Whatever the records say, give every one of them again exactly.

──────── Data for review

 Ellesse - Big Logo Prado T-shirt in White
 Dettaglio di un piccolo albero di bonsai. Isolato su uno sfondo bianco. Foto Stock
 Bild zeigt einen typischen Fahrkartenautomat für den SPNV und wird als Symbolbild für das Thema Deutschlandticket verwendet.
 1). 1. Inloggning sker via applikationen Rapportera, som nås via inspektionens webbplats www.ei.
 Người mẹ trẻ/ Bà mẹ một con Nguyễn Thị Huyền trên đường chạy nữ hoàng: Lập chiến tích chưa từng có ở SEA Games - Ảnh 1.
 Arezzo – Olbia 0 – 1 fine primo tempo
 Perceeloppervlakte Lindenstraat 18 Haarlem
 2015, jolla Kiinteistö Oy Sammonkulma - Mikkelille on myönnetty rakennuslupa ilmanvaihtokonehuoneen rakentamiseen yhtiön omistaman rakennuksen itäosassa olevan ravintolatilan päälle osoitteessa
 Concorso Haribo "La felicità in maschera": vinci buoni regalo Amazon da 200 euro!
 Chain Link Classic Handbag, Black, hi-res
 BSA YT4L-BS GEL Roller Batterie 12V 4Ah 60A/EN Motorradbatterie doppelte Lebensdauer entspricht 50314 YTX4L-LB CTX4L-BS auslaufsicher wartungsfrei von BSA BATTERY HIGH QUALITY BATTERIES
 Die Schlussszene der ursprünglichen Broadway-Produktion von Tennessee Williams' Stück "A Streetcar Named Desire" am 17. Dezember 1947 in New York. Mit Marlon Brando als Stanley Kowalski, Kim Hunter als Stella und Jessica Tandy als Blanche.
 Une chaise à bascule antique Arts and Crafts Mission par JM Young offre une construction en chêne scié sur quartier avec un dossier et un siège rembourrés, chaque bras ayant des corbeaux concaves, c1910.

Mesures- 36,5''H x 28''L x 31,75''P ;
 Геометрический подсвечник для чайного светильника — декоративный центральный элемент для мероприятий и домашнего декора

────────────────

◆ **Task response**
 Ellesse - Big Logo Prado T-shirt in White
 Dettaglio di un piccolo albero di bonsai. Isolato su uno sfondo bianco. Foto Stock
 Bild zeigt einen typischen Fahrkartenautomat für den SPNV und wird als Symbolbild für das Thema Deutschlandticket verwendet.
 1). 1. Inloggning sker via applikationen Rapportera, som nås via inspektionens webbplats www.ei.
 Người mẹ trẻ/ Bà mẹ một con Nguyễn Thị Huyền trên đường chạy nữ hoàng: Lập chiến tích chưa từng có ở SEA Games - Ảnh 1.
 Arezzo – Olbia 0 – 1 fine primo tempo
 Perceeloppervlakte Lindenstraat 18 Haarlem
 2015, jolla Kiinteistö Oy Sammonkulma - Mikkelille on myönnetty rakennuslupa ilmanvaihtokonehuoneen rakentamiseen yhtiön omistaman rakennuksen itäosassa olevan ravintolatilan päälle osoitteessa
 Concorso Haribo "La felicità in maschera": vinci buoni regalo Amazon da 200 euro!
 Chain Link Classic Handbag, Black, hi-res
 BSA YT4L-BS GEL Roller Batterie 12V 4Ah 60A/EN Motorradbatterie doppelte Lebensdauer entspricht 50314 YTX4L-LB CTX4L-BS auslaufsicher wartungsfrei von BSA BATTERY HIGH QUALITY BATTERIES
 Die Schlussszene der ursprünglichen Broadway-Produktion von Tennessee Williams' Stück "A Streetcar Named Desire" am 17. Dezember 1947 in New York. Mit Marlon Brando als Stanley Kowalski, Kim Hunter als Stella und Jessica Tandy als Blanche.
 Une chaise à bascule antique Arts and Crafts Mission par JM Young offre une construction en chêne scié sur quartier avec un dossier et un siège rembourrés, chaque bras ayant des corbeaux concaves, c1910.

Mesures- 36,5''H x 28''L x 31,75''P ;
 Геометрический подсвечник для чайного светильника — декоративный центральный элемент для мероприятий и домашнего декора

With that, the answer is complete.